22 July 2016 #Employment

In the recent case of Royal Mail Group Limited v Jhuti, the Employment Appeal Tribunal decided that an employee had been automatically unfairly dismissed even though the manager responsible for the decision had been unaware of her protected disclosures.

After only 4 weeks of employment, Ms Jhuti became suspicious that her colleague had breached Royal Mail’s policies and Ofcom requirements.  She informed the team leader and was advised to admit she had been mistaken and to retract her allegations.  Fearing for her job, she did just that.  She was subsequently given an “ever changing unattainable list of requirements” and was put on a performance management plan.  Ms Jhuti complained to HR that she was being harassed and bullied as a result of her disclosures, but this was not dealt with properly. 

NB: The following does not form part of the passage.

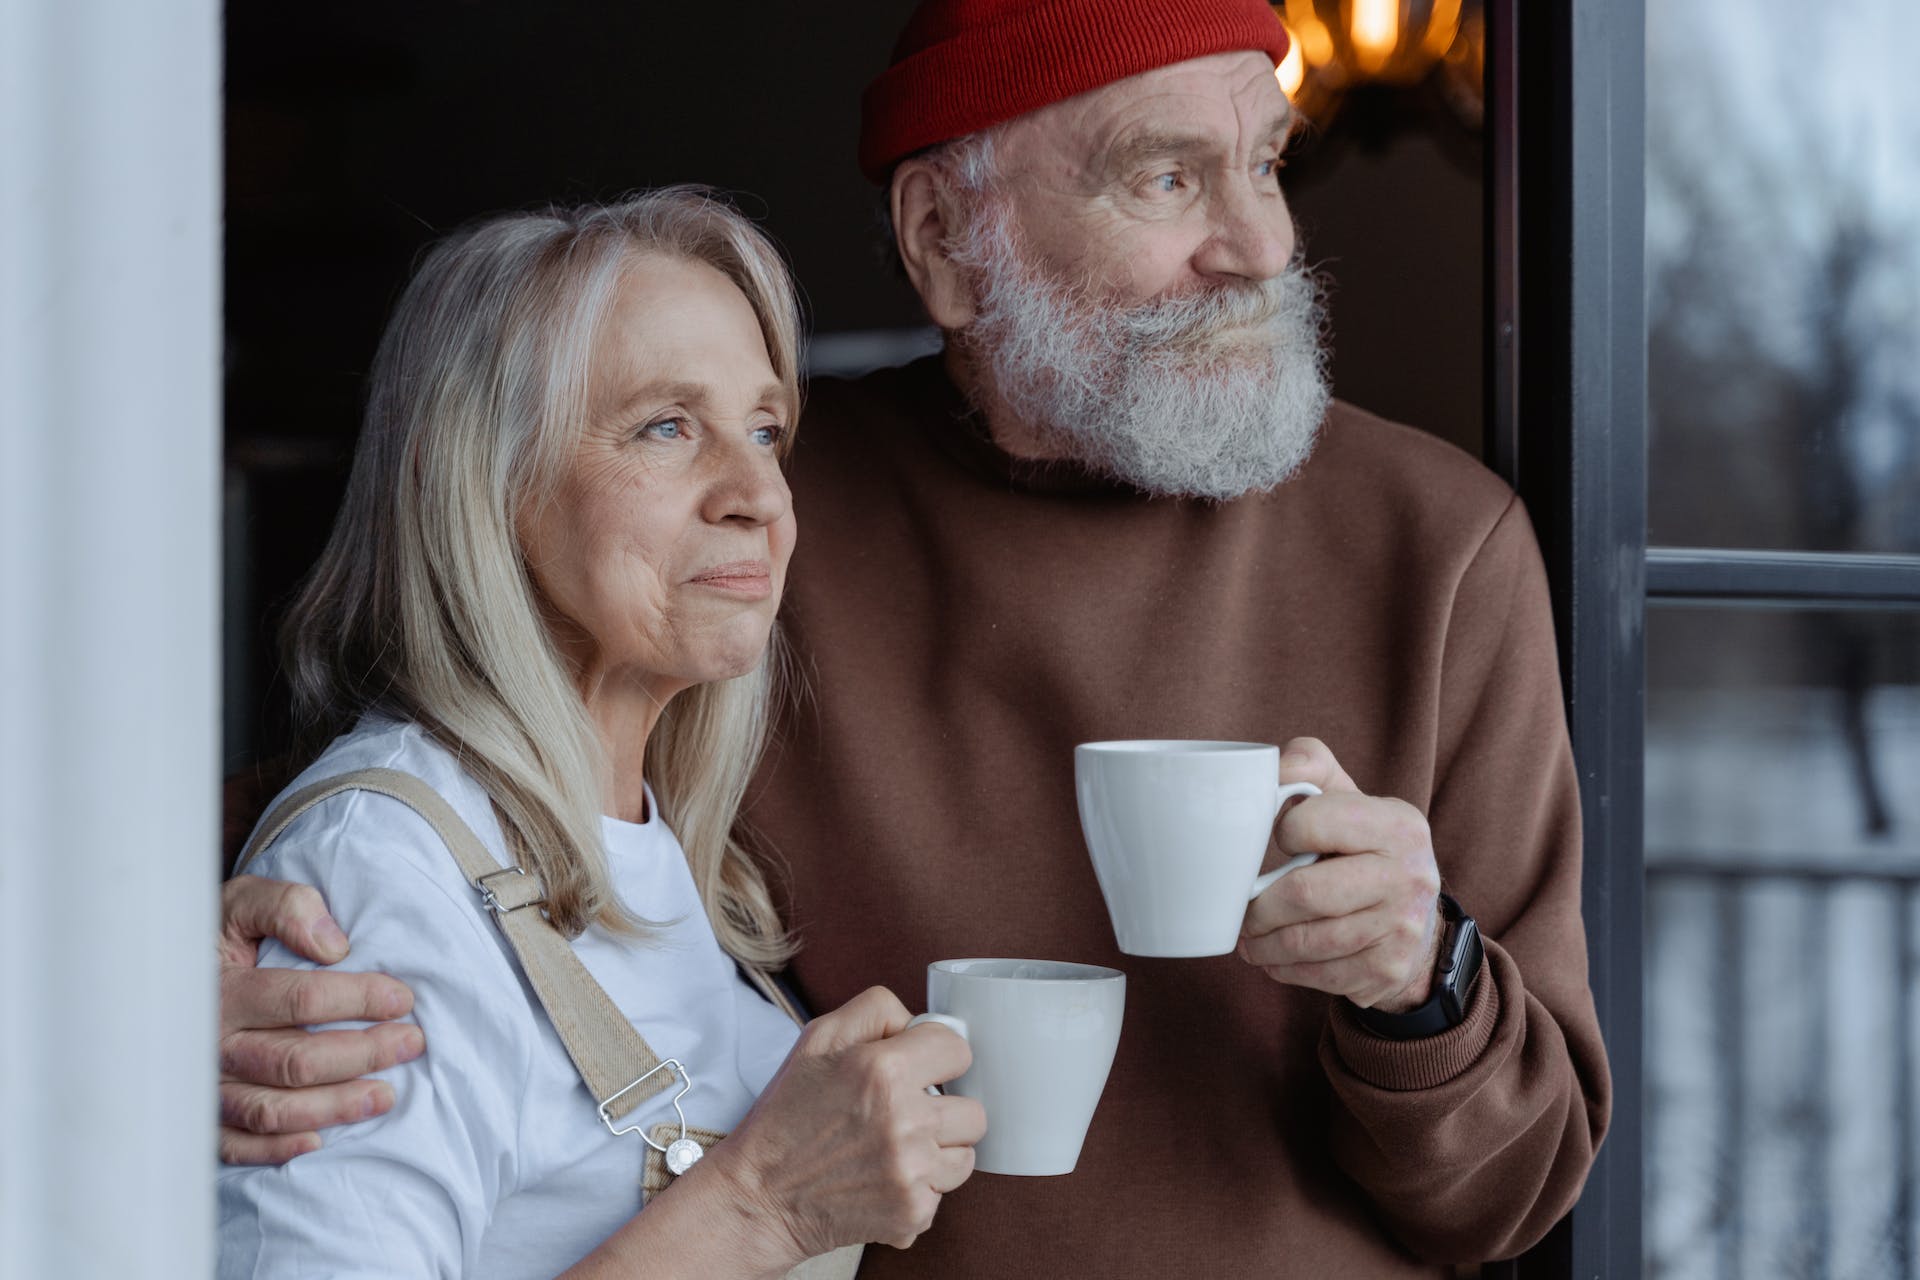 An older couple | Source: Pexels

A different manager was then appointed to review Ms Jhuti’s performance.  She was not given copies of Ms Jhuti’s emails containing the disclosures but became aware that she had been upset about something.  When asked, the team leader told the manager that Ms Jhuti had complained about improper conduct at Royal Mail but had subsequently retracted her allegations.  The manager did not meet with Ms Jhuti (as she was unwell) and took the information from the team leader at face value.  Ms Jhuti was dismissed for poor performance. 

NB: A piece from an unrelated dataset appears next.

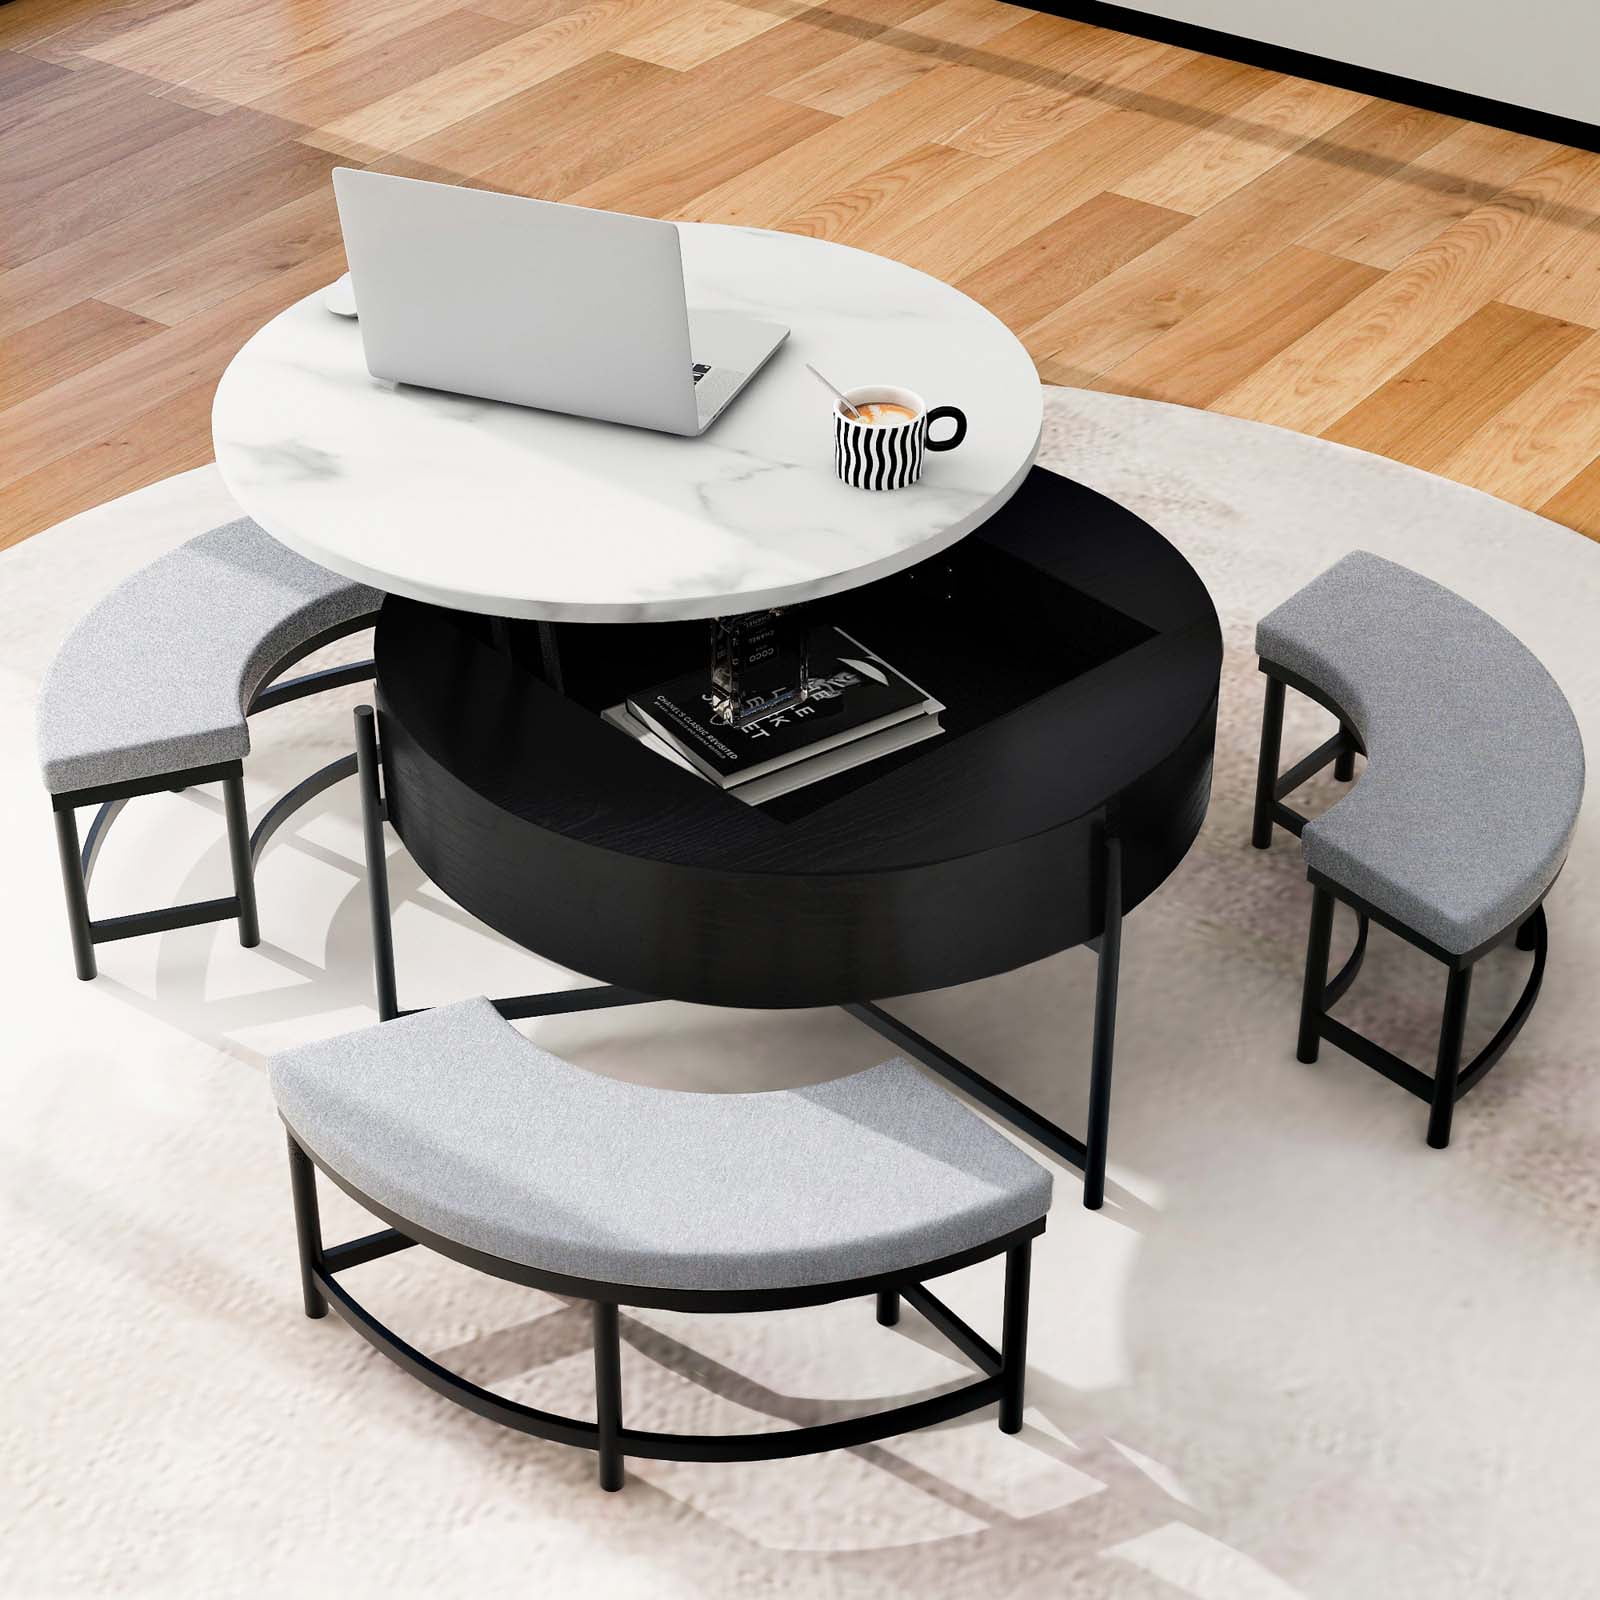 YISUYA Modern Multifunctional Coffee Table, Round Coffee Table with ...

The Employment Tribunal found that Ms Jhuti had made protected disclosures and had been subjected to detriments.  However, it decided that she had not been automatically unfairly dismissed because the decision was not based on someone else’s motivation.  The manager had been unaware of Ms Jhuti’s disclosures and genuinely believed she was a poor performer.  On appeal however, the EAT took a different approach, noting that the team leader had intentionally misled the manager about Ms Jhuti’s disclosures. The EAT considered it was imperative that the team leader’s reason and motivation should be taken into account and concluded that it was inevitable that Royal Mail would be found to have dismissed Ms Jhuti because she had made protected disclosures. 

It remains to be seen whether an employer would be held liable if the manipulation is done by someone in a non-managerial position who is not responsible for the employee.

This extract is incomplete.